■ Problem details ■
Everything in the data should be repeated exactly, save for the images.

■ Collected material ■
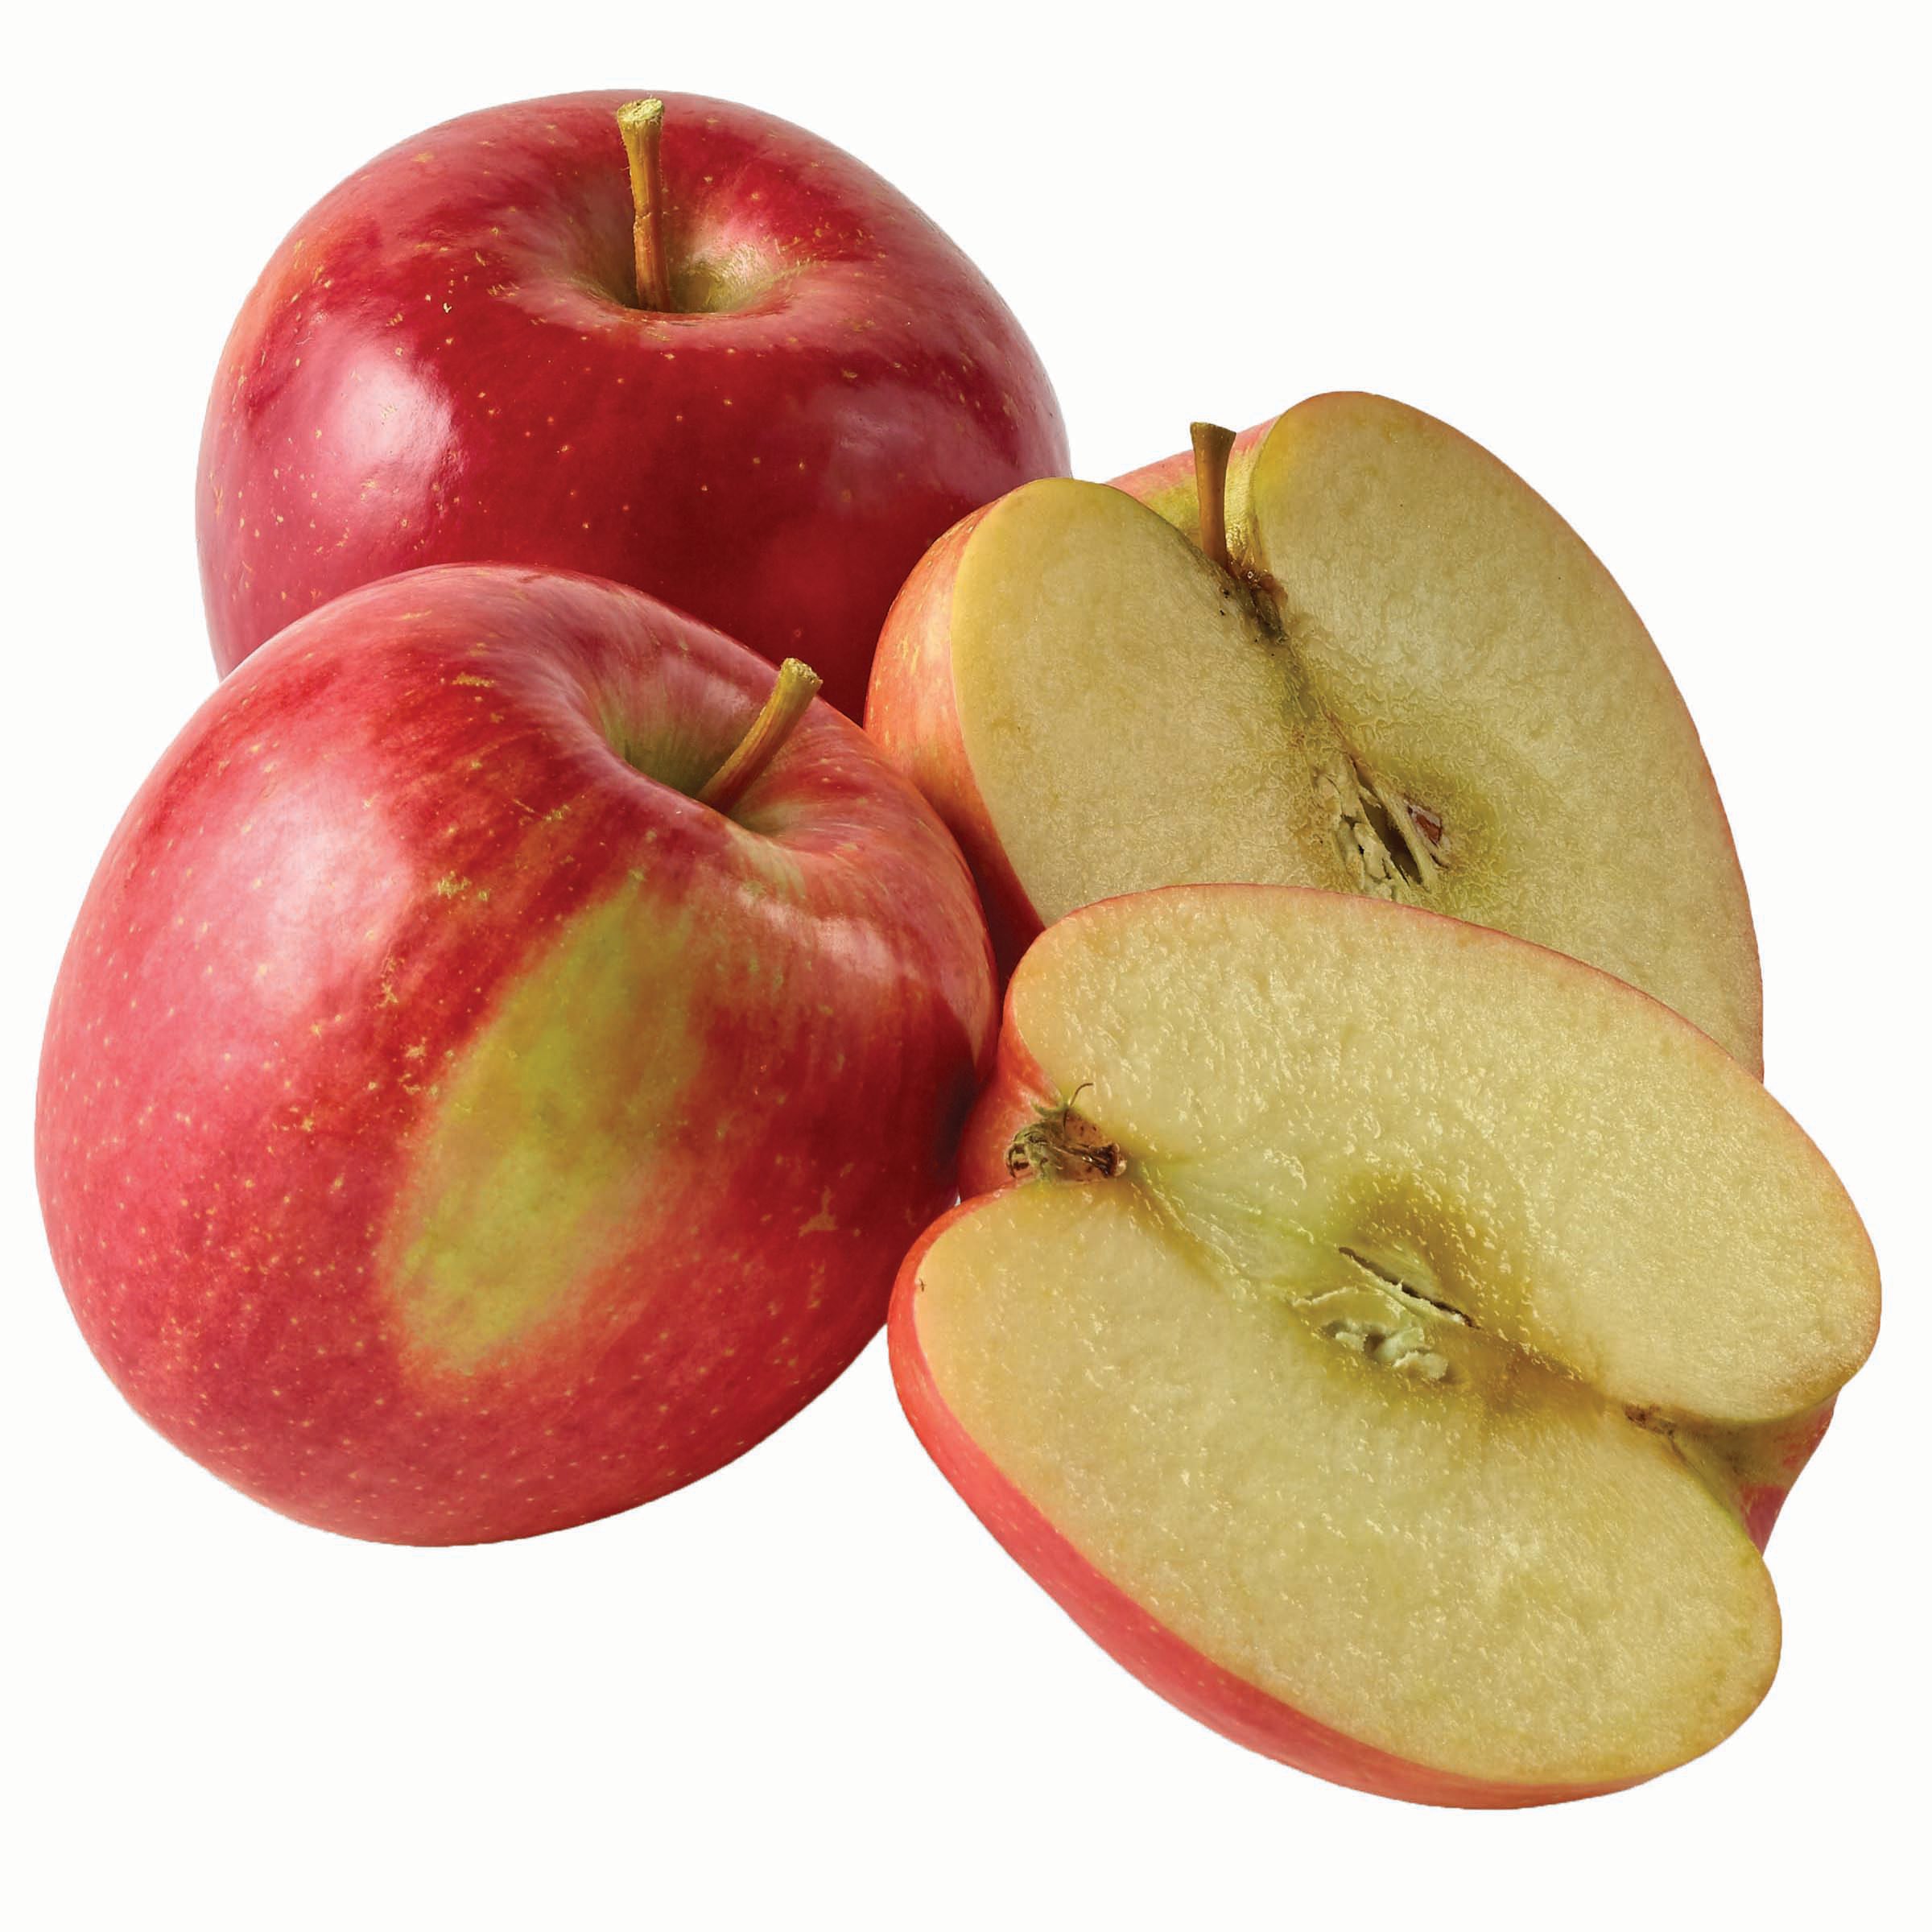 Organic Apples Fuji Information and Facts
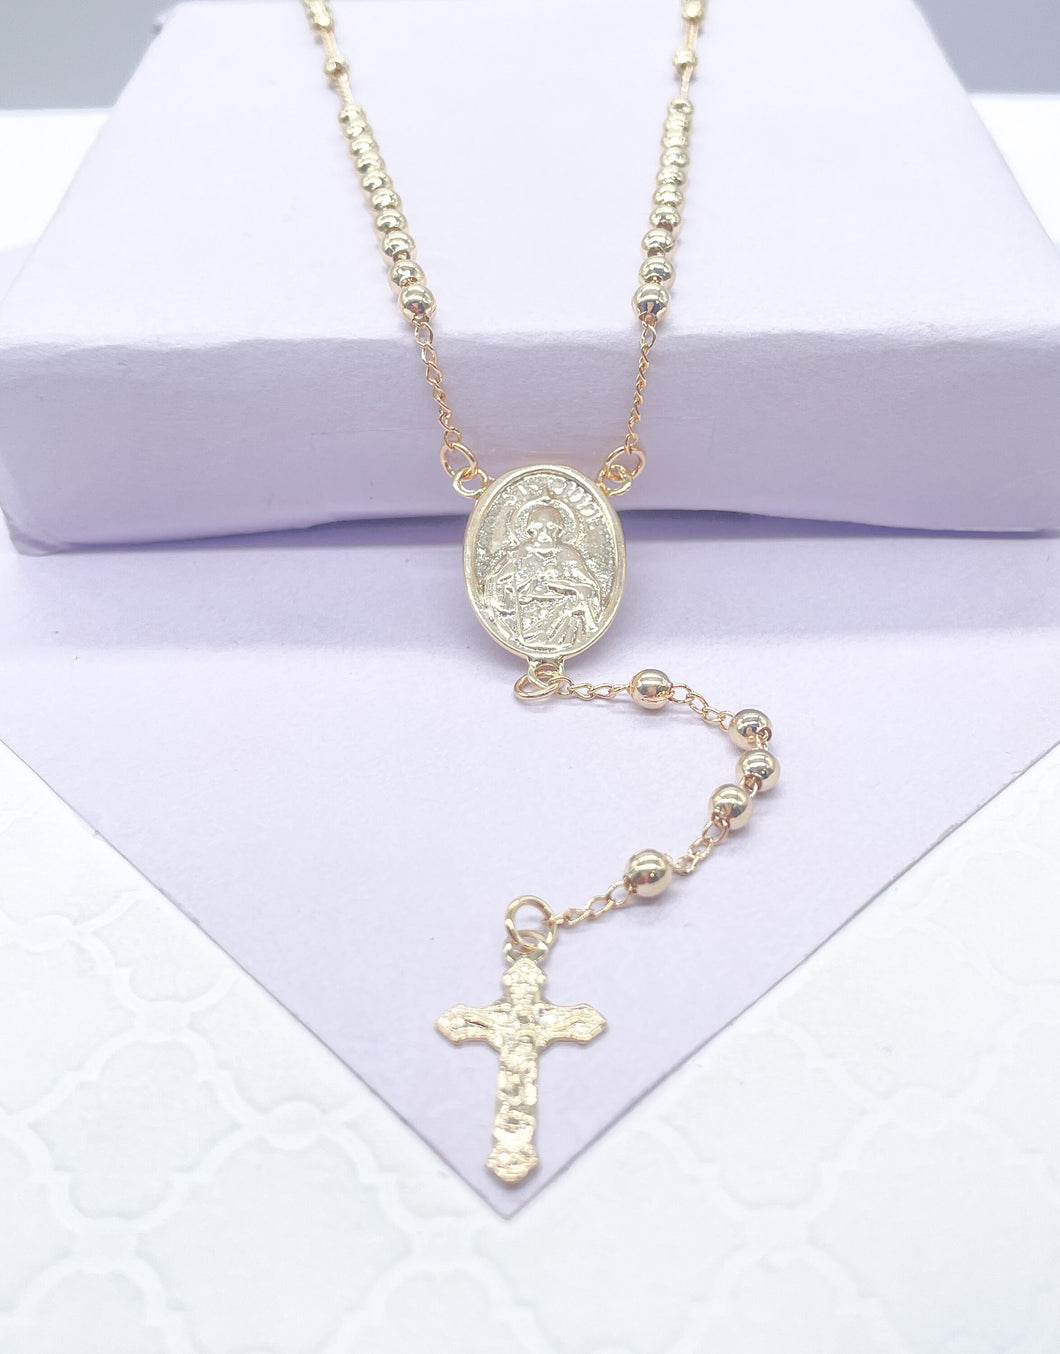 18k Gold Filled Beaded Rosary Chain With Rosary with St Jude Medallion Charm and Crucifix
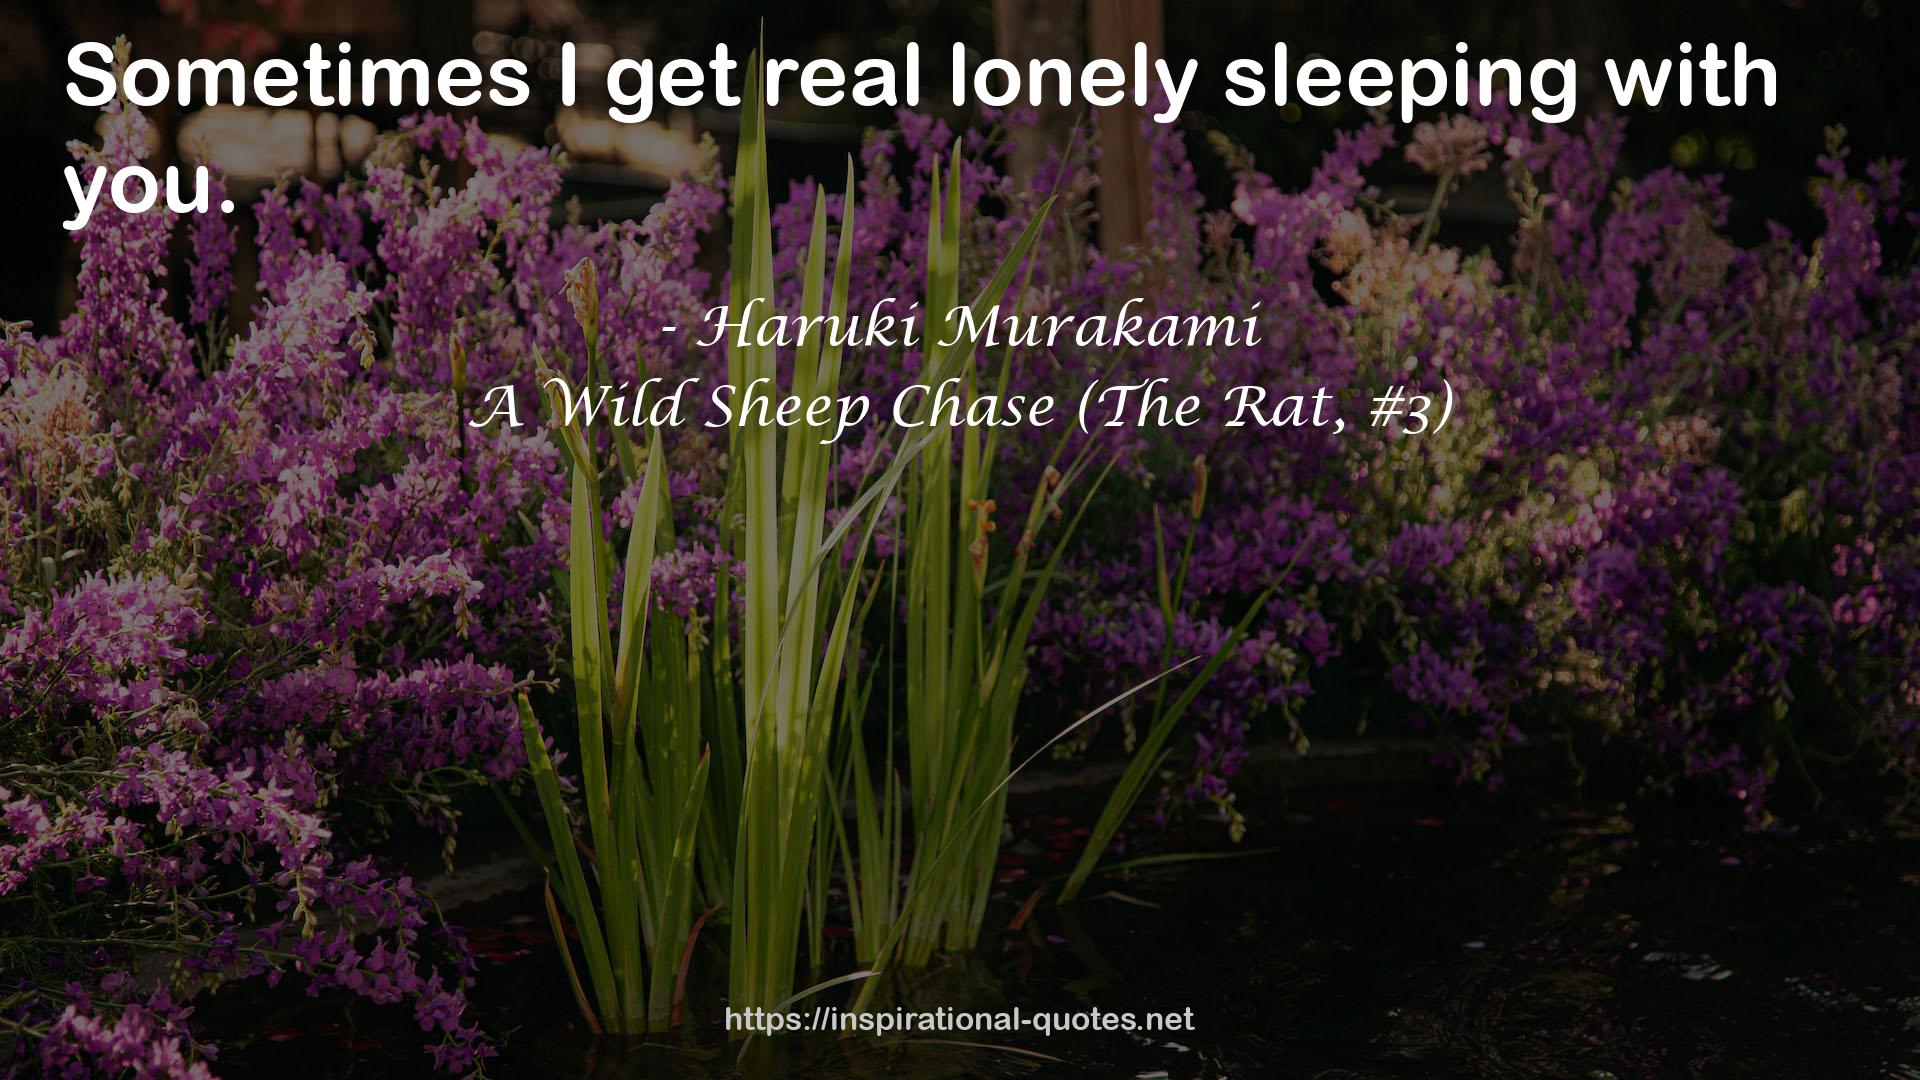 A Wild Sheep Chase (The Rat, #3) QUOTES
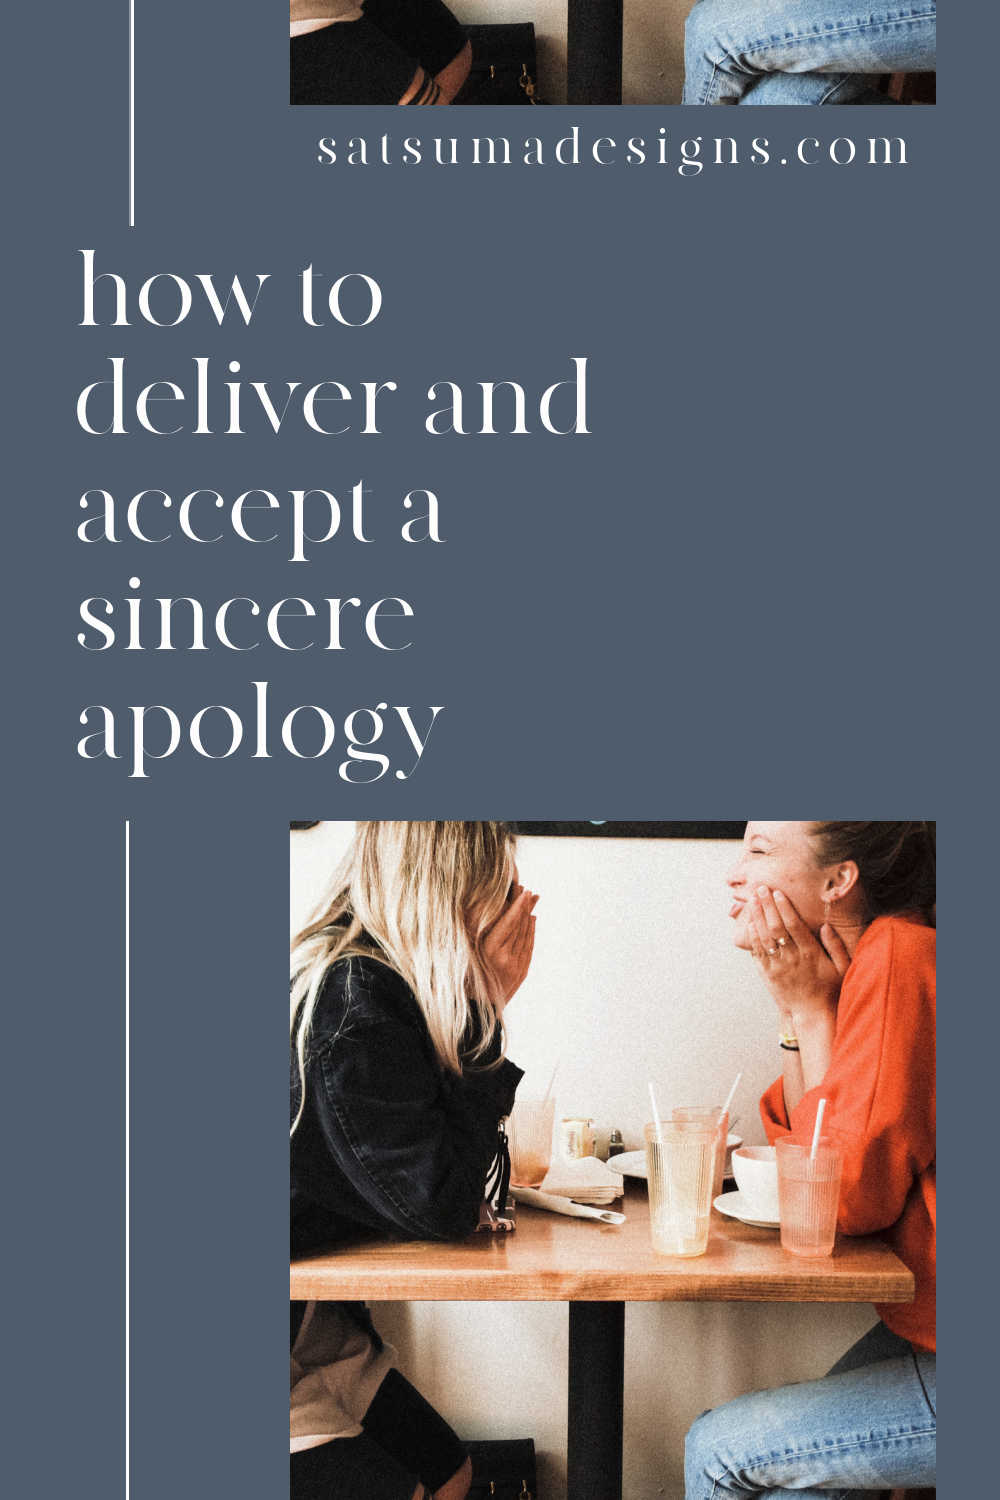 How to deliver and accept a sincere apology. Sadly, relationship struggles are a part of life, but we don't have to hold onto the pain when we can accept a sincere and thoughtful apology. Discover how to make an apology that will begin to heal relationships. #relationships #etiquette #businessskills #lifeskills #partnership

■ Reply to the exercise ■
 Organic Apples Fuji Information and Facts
 18k Gold Filled Beaded Rosary Chain With Rosary with St Jude Medallion Charm and Crucifix
 A Wild Sheep Chase (The Rat, #3) QUOTES
 How to deliver and accept a sincere apology. Sadly, relationship struggles are a part of life, but we don't have to hold onto the pain when we can accept a sincere and thoughtful apology. Discover how to make an apology that will begin to heal relationships. #relationships #etiquette #businessskills #lifeskills #partnership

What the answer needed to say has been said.